Настроение у всех было подавленное. Еще бы – летели воевать с врагом и вдруг оказались пленниками своих же. К тому же понесли первые потери.

Время тянулось медленно, словно кто-то невидимый и всемогущий придумал изощренную пытку для тех, кто сейчас оказался в этом неприветливом месте.

Иван пробовал спать, усевшись прямо на брусчатку тюремного двора и прислонившись спиной к нагретой стене собора, но ничего не получалось – мысли сумбурным ходом перебивали всё, оставляя бодрствовать накопленную усталость.

– Черт возьми, даже почитать нечего, – возмущался Гришка, крепко сложенный брюнет, служивший с Иваном в одном взводе. Гришка до армии успел закончить философский факультет одного из институтов Москвы. Его отец был действующим офицером Красной армии, поэтому Гришкино детство прошло в различных военных гарнизонах в разных уголках огромной страны. Это существенно расширило кругозор юноши, а природная тяга к чтению и стремление к знаниям сделали его весьма эрудированным человеком.

– Да я здесь окончательно деградирую, – продолжал сокрушаться Гришка, сидя рядом с Иваном.

– А я тоже, как это, градирую здесь, – вторил ему закадычный друг Федька, такой же крепыш с большими залысинами на голове, несвойственными молодому возрасту.

– Феденька, для того чтобы деградировать, тебе для начала развиться нужно, – парировал его желание товарищ.

– Ну уж, это, не дурнее некоторых, – обиделся тот, косо глядя на Григория.

Говорят, противоположности притягиваются. Пожалуй, это было самое логичное объяснение крепкой дружбы таких непохожих друг на друга людей. В отличие от Гришки, Федор отличался туповатостью. Выросший в глухой деревне под Минском, он едва окончил четыре класса, с трудом научившись читать по слогам. Еще тяжелее ему далось выучиться на тракториста, в этом Федору помог дядька – председатель местного колхоза, сумевший пропихнуть нерадивого племянника в автотракторное училище, расположенное в райцентре. Сколько поросят отвез он туда, замасливая начальство, даже сосчитать трудно. В противном случае не продержался бы племянник и одного месяца. Через год, после получения заветных корочек, Федор вернулся в родную деревню, где стал работать по специальности на только что полученной от государства машине. Тяги к работе, правда, ему было не занимать, мог сутками не вылезать из-за рычагов своего гусеничного чудовища. Поэтому дядька и расстроился, когда племяннику выпал срок отправляться в армию.

В танкисты Федор не попал, по росту не прошел.

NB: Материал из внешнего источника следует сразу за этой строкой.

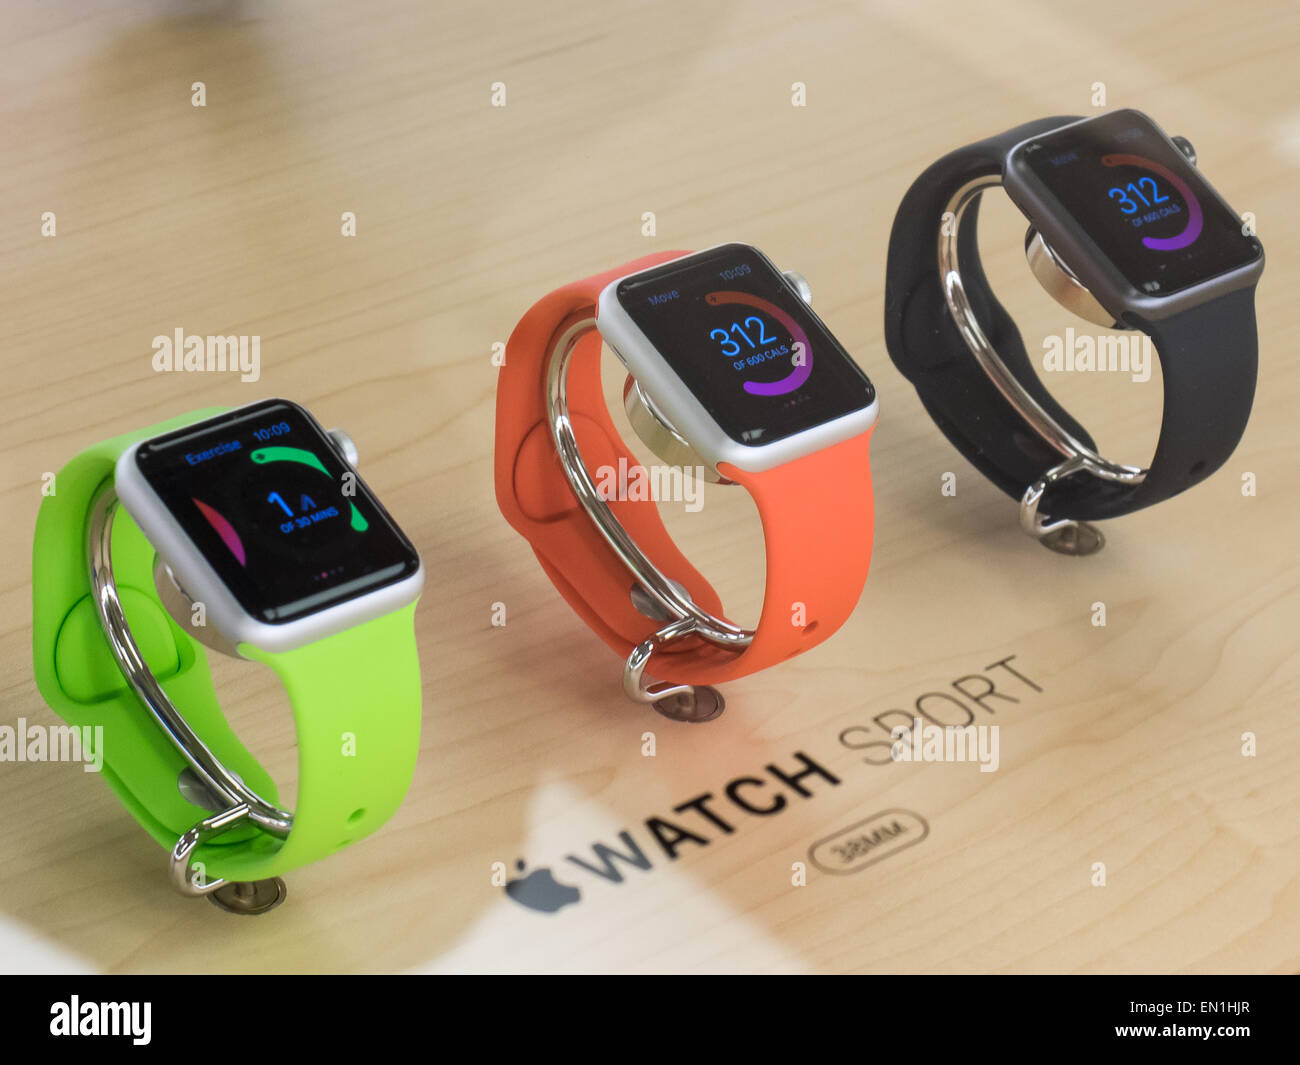 Apple watch sport цена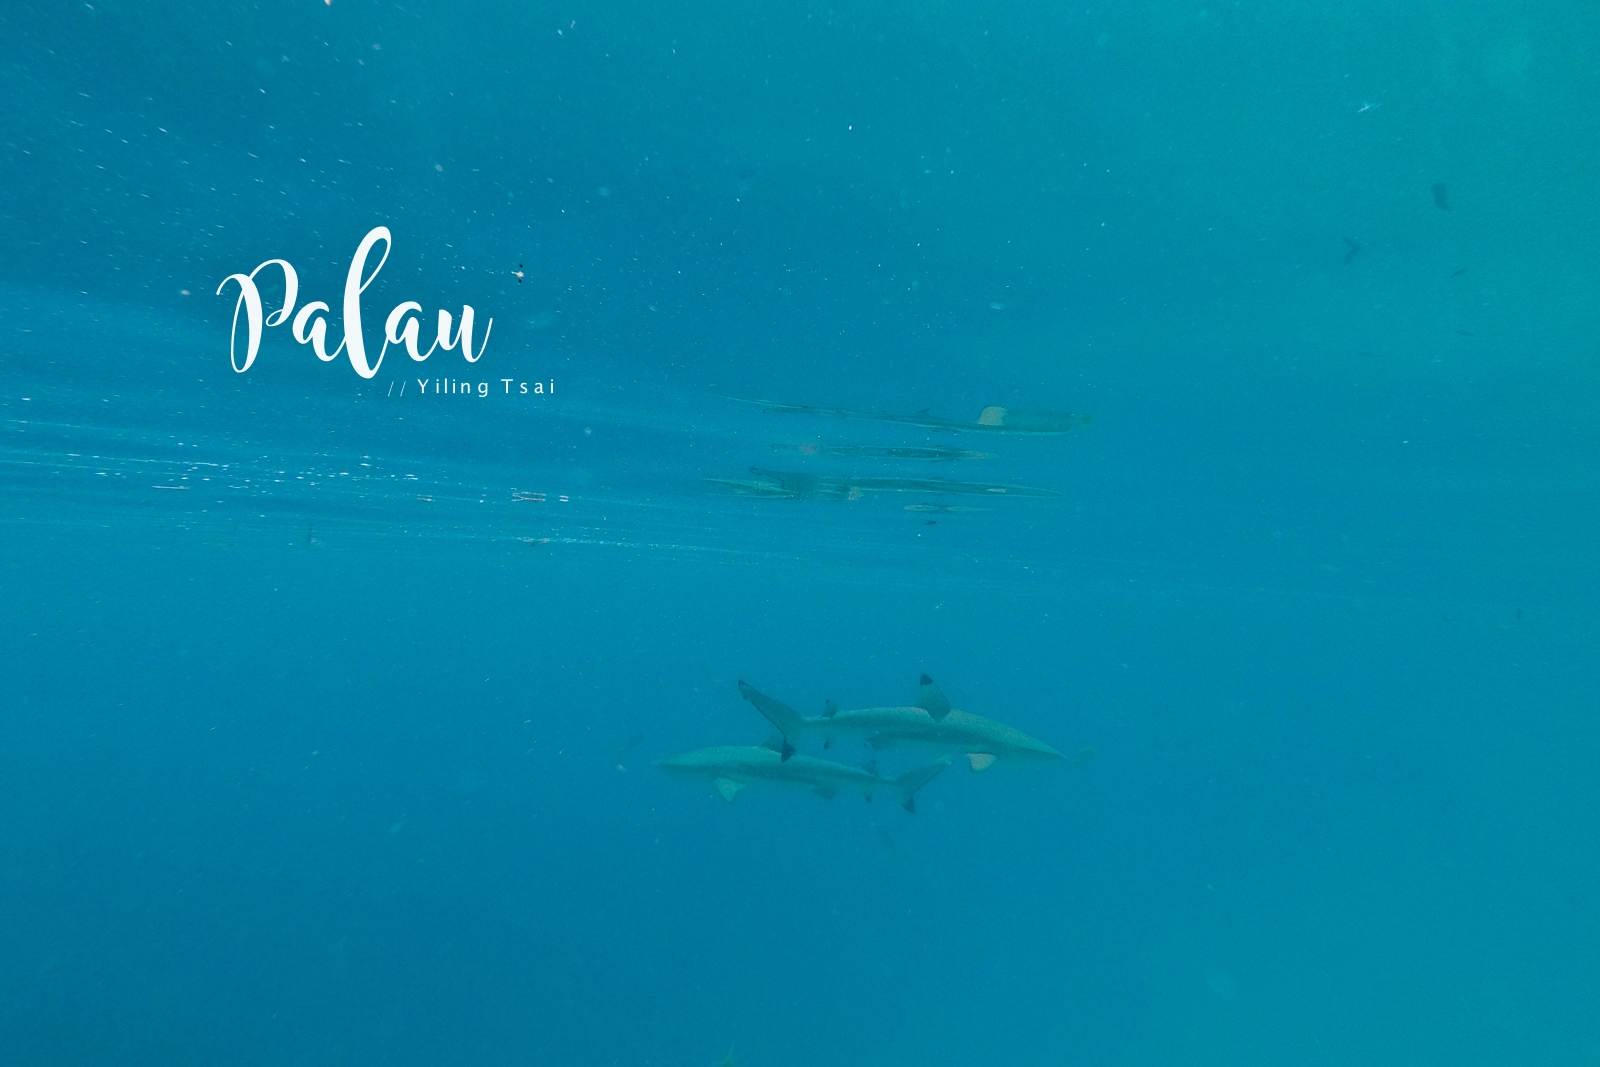 帛琉景點 鯊魚城 Shark City 鯊魚島 Ngermeaus 與鯊共泳的心驚時刻

Слишком уж тесно было ему на месте механика-водителя.

– Ну как я этого дылду в танк впихну? – негодовал офицер-танкист, прибывший в военкомат набирать призывников в свою команду. – Да у него башка из люка торчать будет! А это по уставу запрещено. Дайте мне подобного, но пониже ростом.

Поэтому Феде светила прямая дорога в транспортную роту. Но и здесь он сумел учудить, не ответив ни на один заданный вопрос и едва не запоров двигатель единственного военкоматского трактора, на котором обучали группу Осоавиахима.

– Уберите его с глаз моих, – ругался другой «купец», набиравший команду в артиллерийские войска. – Мне тягач нужен, чтобы орудия таскать, а не давить их. Этот болван мало того что трактор угробит, так еще хорошо, если никого на тот свет не отправит.

В результате оказался Федор в десанте на должности хлебореза. К Луценко во взвод он попал полгода назад, умудрившись каким-то образом так сильно провиниться на кухне, что при встрече с бывшим хлеборезом у начальника столовой начинал дергаться глаз. В парашютном взводе Федя очень быстро сошелся с Гришкой, признав его непреклонный авторитет как человека грамотного и бывалого. А Гришкины рассказы о путешествиях на море или в горы сделали этот самый авторитет совершенно недосягаемым. С открытым ртом Федор слушал о соленой воде, гигантских штормовых волнах или снежных вершинах Кавказских гор. Ему, выросшему на равнине среди небольших холмов и болотистых озер с черной торфяной водой, не верилось, что где-то есть совсем другой мир с необычной природой.